For the NYC Financial Empowerment Center Live Event concept, we produced a private prototype in the Neighborhood Trust Financial Partners office space, where we created and installed custom event signage (see below) and set up different activity areas for an “open house.”

These activities included a discussion area for clients and counselors to mingle, a children’s corner, and a table for booking follow-up sessions. We documented this event prototype with photography and video, and produced a “how to” guide aimed at financial counseling providers to help them adapt and produce their own events.

Live Prototype — Financial Empowerment Counseling

The goals of these events would be to provide additional opportunities for neighborhood-level community outreach and to support existing word-of-mouth family and friend referrals. We have printed and distributed copies of the “how to” event guide and will work with a financial counseling provider to further test and prototype a public-facing event based on the guide.

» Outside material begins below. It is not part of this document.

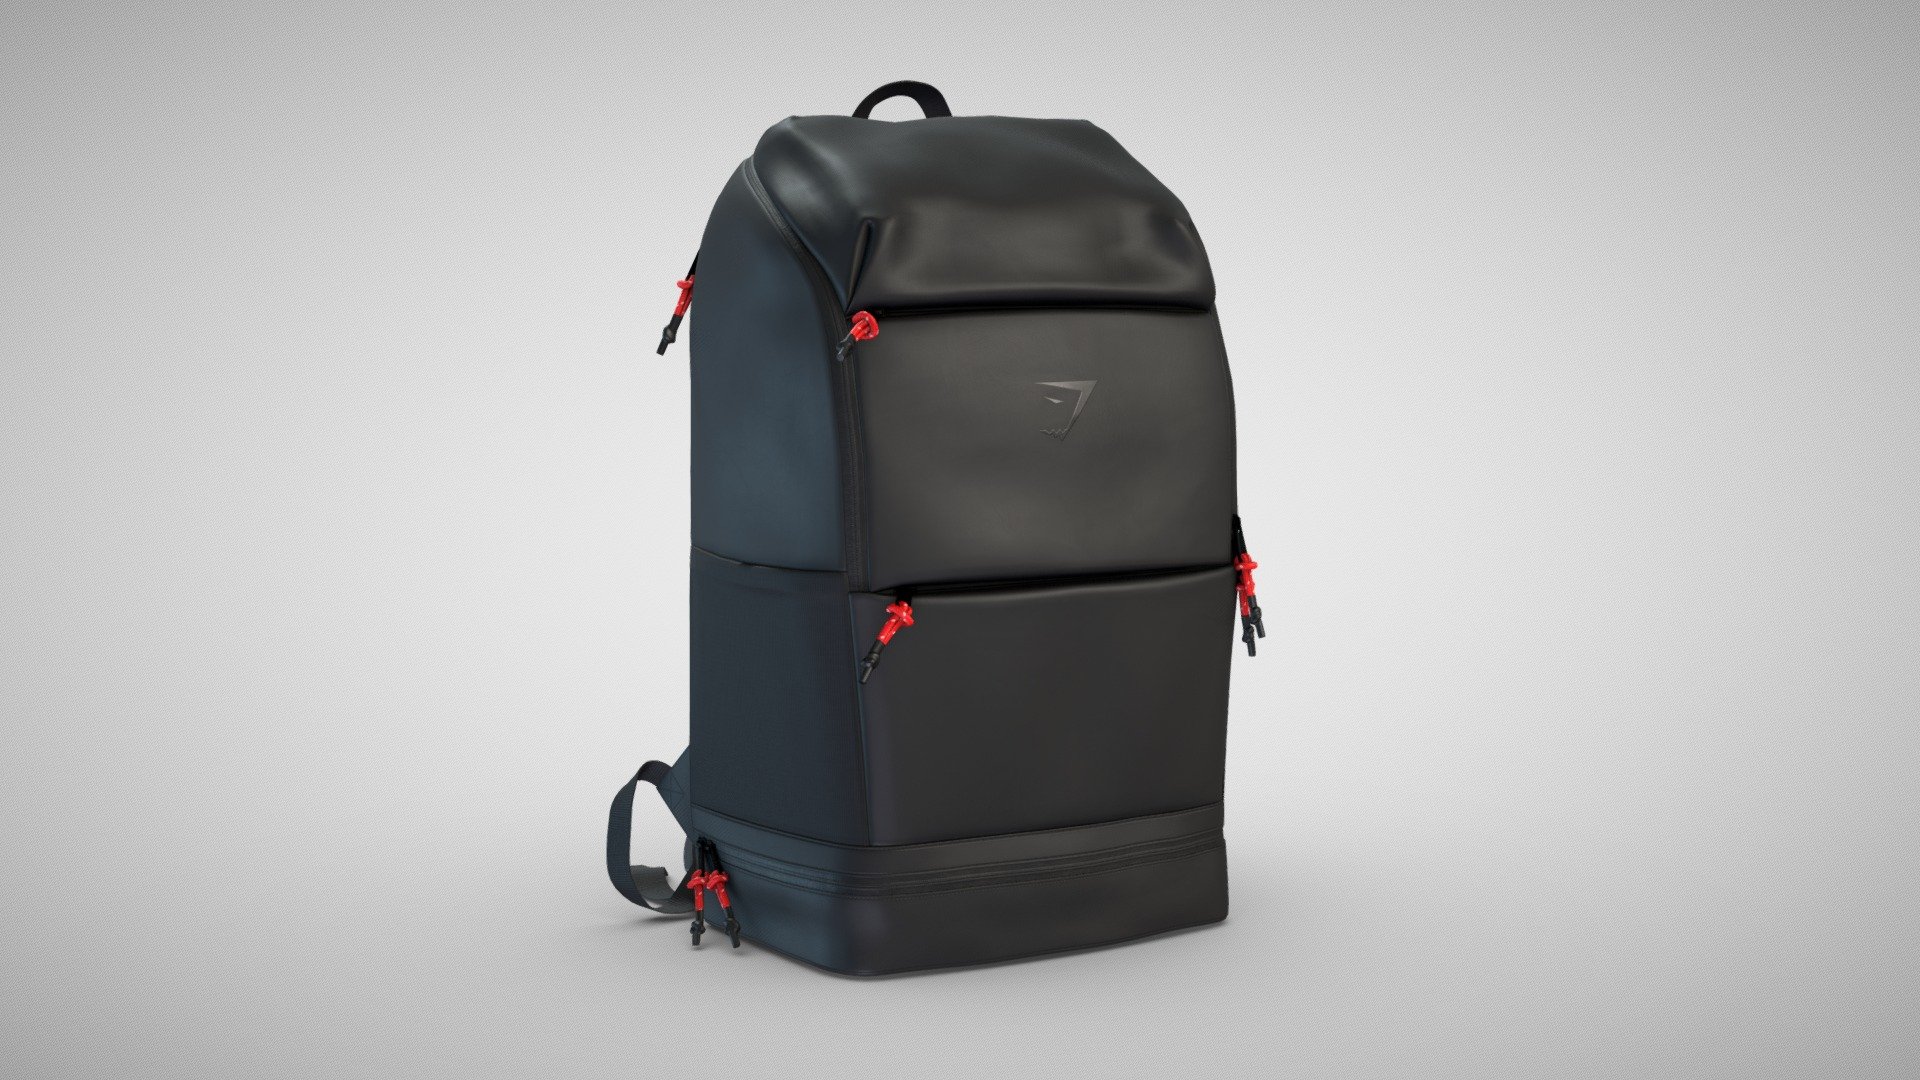 Created for spase.io - Sleek Backpack - 3D model by Mikhail Kadilnikov (@MikhailKadilnikov) 3d model

Finally, we produced a “Near Future” video portraying a possible future scenario of financial counseling in New York City. The video depicts the growing relationship between a client and counselor and brings to life our prototypes in the context of the client-counselor relationship and how these prototypes can deepen the relationship and further client retention.

In addition to showing the Introductory Video, Journey Map, 3-Visit Punch Card and NYC Financial Empowerment Live Event, the Near Future video also makes reference to possible future design interventions, such as a private microsite and counselor toolkit. The microsite and toolkit would allow clients and their counselors to keep track and manage their budgets and financial progress over time. The Near Future video is meant as a way to document the prototypes and proposals made in the Prototyping phase and serves as a tool for furthering the conversation about the future of financial counseling.  

The introductory video to NYC Financial Empowerment Centers is a prototype. Its purpose is to reveal what happens in counseling sessions and to connect with potential clients by sharing how current clients are dealing with the difficult emotions related to money. This prototype is intended to serve as a template for future videos.

The Event Planning Guide and Journey Map are also prototypes intended to serve as templates for potential publications.